Don’t pay too much attention to the newspaper reports today on legal action by HIH liquidator, Tony McGrath, against Warren Buffett’s General Re insurance company. The issue at the core of the legal action is purely financial: McGrath is trying to pressure Buffett and General Re into coughing up lots of money for the HIH creditors.

The real problem facing the world’s second richest man, and his insurance business, is the investigation by the Australian Prudential Regulation Authority (APRA) into those dodgy deals with FAI-HIH and Zurich Financial Services. And it pays to listen to someone in the business who’s very worried about these probes.

In a post annual meeting door-stop interview more than a week ago, QBE Insurance CEO Frank O’Halloran was in the middle of commenting on the guilty pleas from HIH duo, Rodney Adler and Ray Williams, when he decided to offer an opinion on why APRA is treading very carefully with the General Re case. Unprompted, O’Halloran said: “More worrying are the investigations around the world involving Elliot Spitzer (New York Attorney General) and others over reinsurance arrangements with AIG.”

That comment was tucked away in a story on the sentencing of Adler and Williams on the Nine’s Business Sunday. Coming from the head of Australia’s biggest re-insurer, “more worrying” has special significance to O’Halloran and the multi-billion dollar industry in which his company operates. “More worrying” than what? Well, more worrying than the problems caused by HIH and the sentencing of Adler and Williams.

While HIH’s collapse caused problems back in 2001 and 2002 for QBE (along with the World Trade Centre terrorist attack), the sentencing of Williams and Adler was a minor event for his company. For the world’s re-insurers and the international insurance market where QBE is a player, the problems of General Re in the US and in Australia are mounting. It backs up the contention in Friday’s Crikey that the way APRA has proceeded with setting the investigation, announced late Thursday, tells us a lot about its significance.

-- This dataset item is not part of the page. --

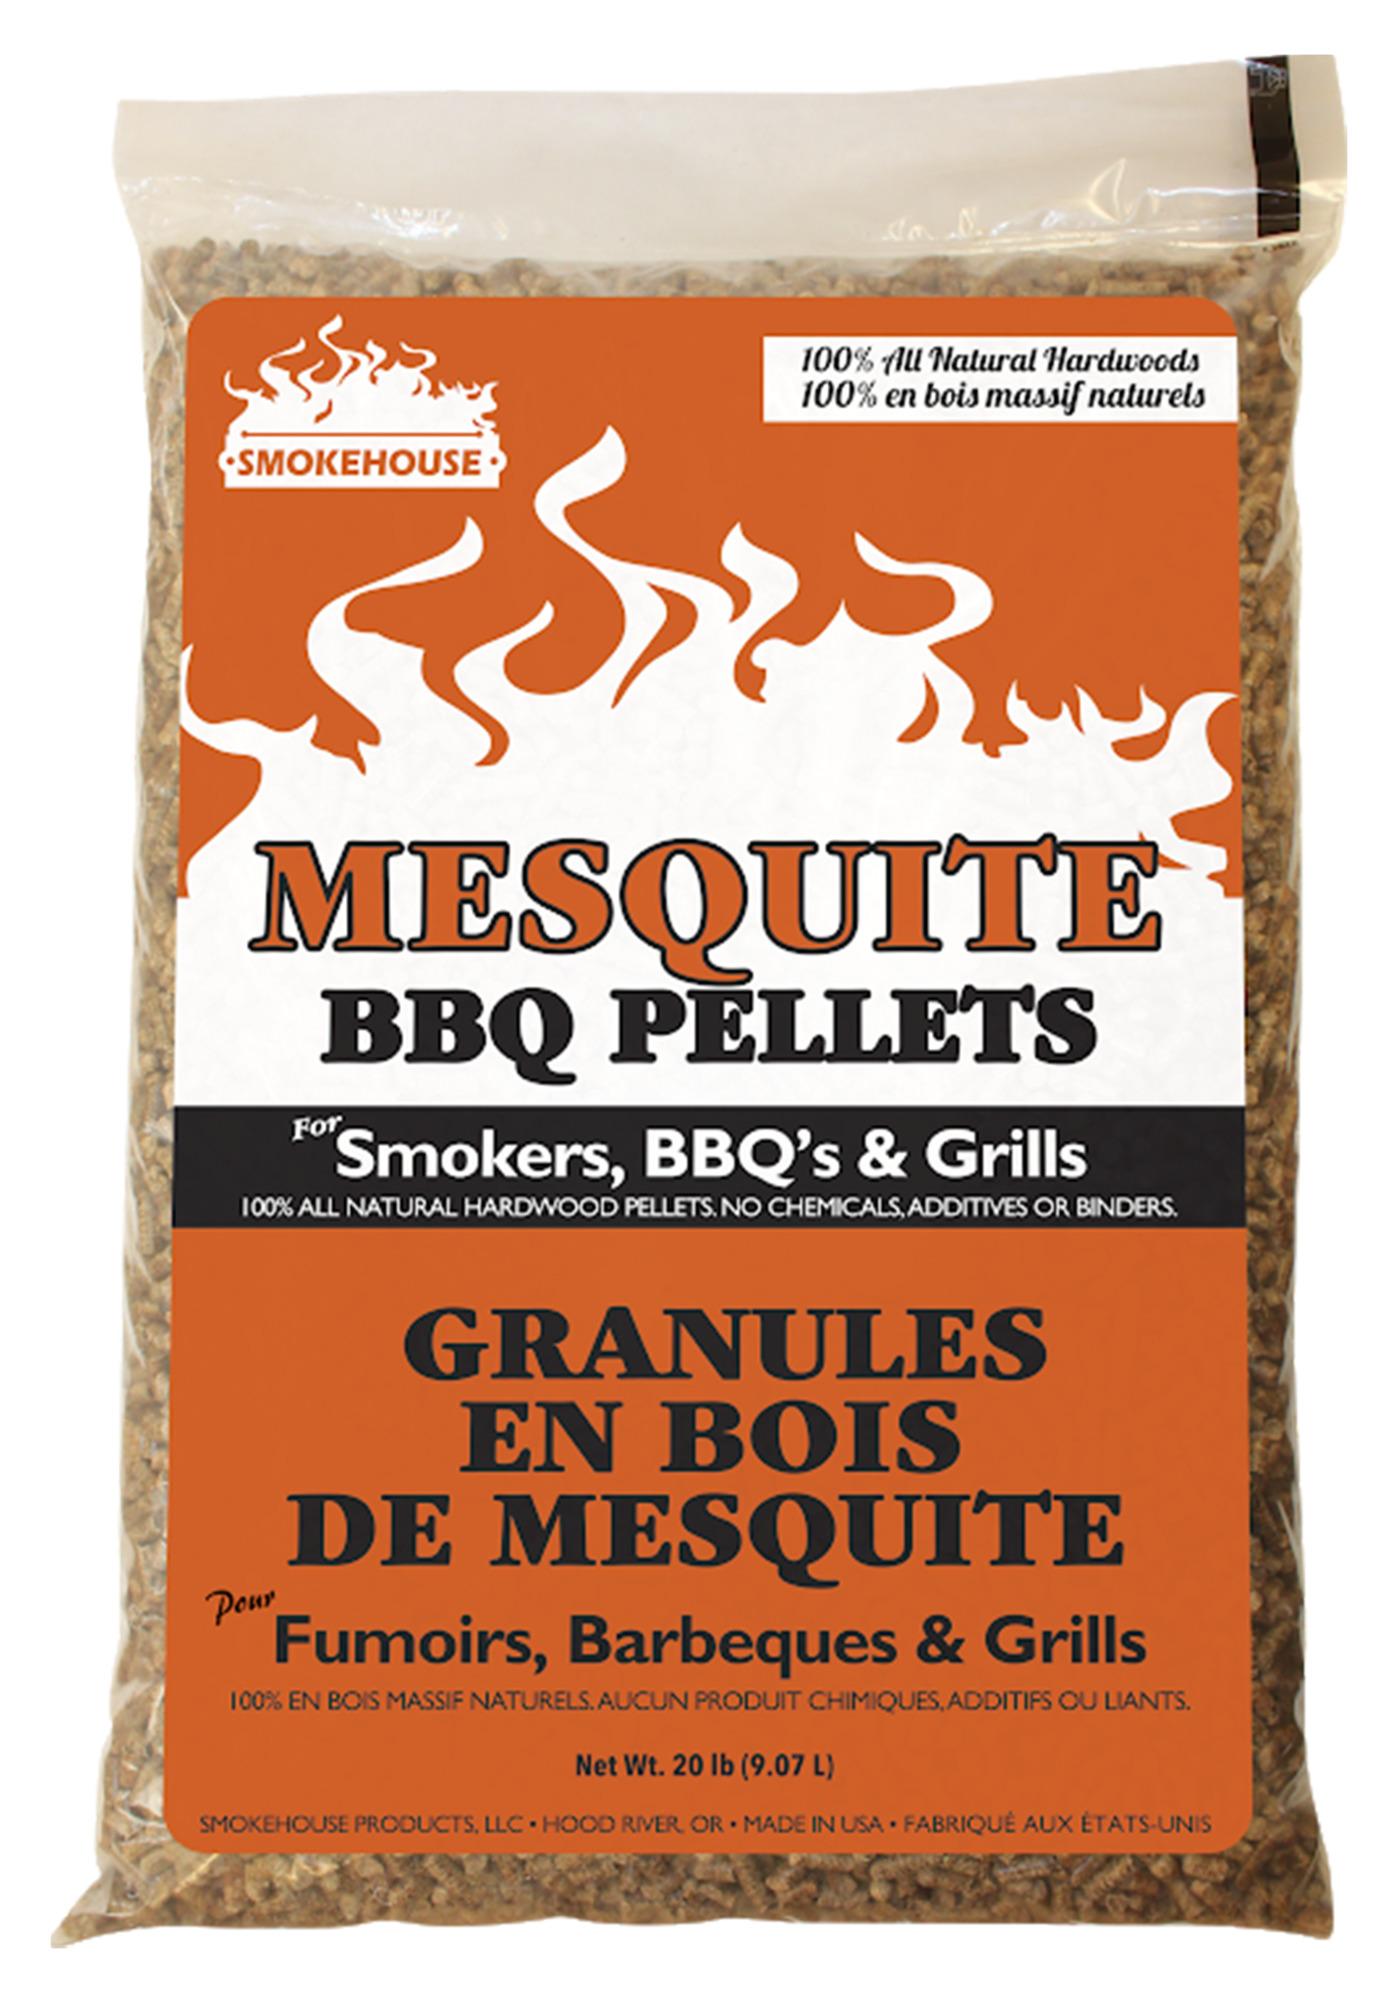 Smokehouse BBQ Pellets 20lb Bag Mesquite

APRA has already banned six General Re executives from operating in this country. The bans were over dodgy re-insurance deals between General Re (owned by Buffet’s Berkshire Hathaway) and HIH-FAI. Similar arrangements with the local arm of Zurich Financial Services of Switzerland are also being probed in the APRA investigation. APRA chief, Dr John Laker sought the full backing of the Federal Treasurer for the General Re investigation because there’s only one way for it to go: to some sort of sanction that is even harsher than banning executives: banning the company from operating in certain lines of business, or totally, could be outcomes recommended or suggested to APRA.

And that’s why Frank O’Halloran is right to be worried. He’s the most important executive, and QBE is the most important company, in the local insurance market. QBE is Australia’s most internationally-minded insurer and it knows all about the importance of confidence and reputation. Any ban or harsh action by APRA against General Re will have repercussions that will spread through the whole industry and quite possibly hurt QBE.

If O’Halloran says he’s worried about the fallout from the Spitzer investigations into General Re and AIG (they are the only deals being looked at by the US regulators), then it is a big deal. O’Halloran also made clear at the QBE annual meeting this month that the group had no financial reinsurance arrangements like those uncovered in the HIH Royal Commission and recent investigations in the US. “We do not have any transactions of this nature, we have very strict policies on financial reinsurance.”

Others who clearly didn’t include HIH, FAI, Zurich and General Re.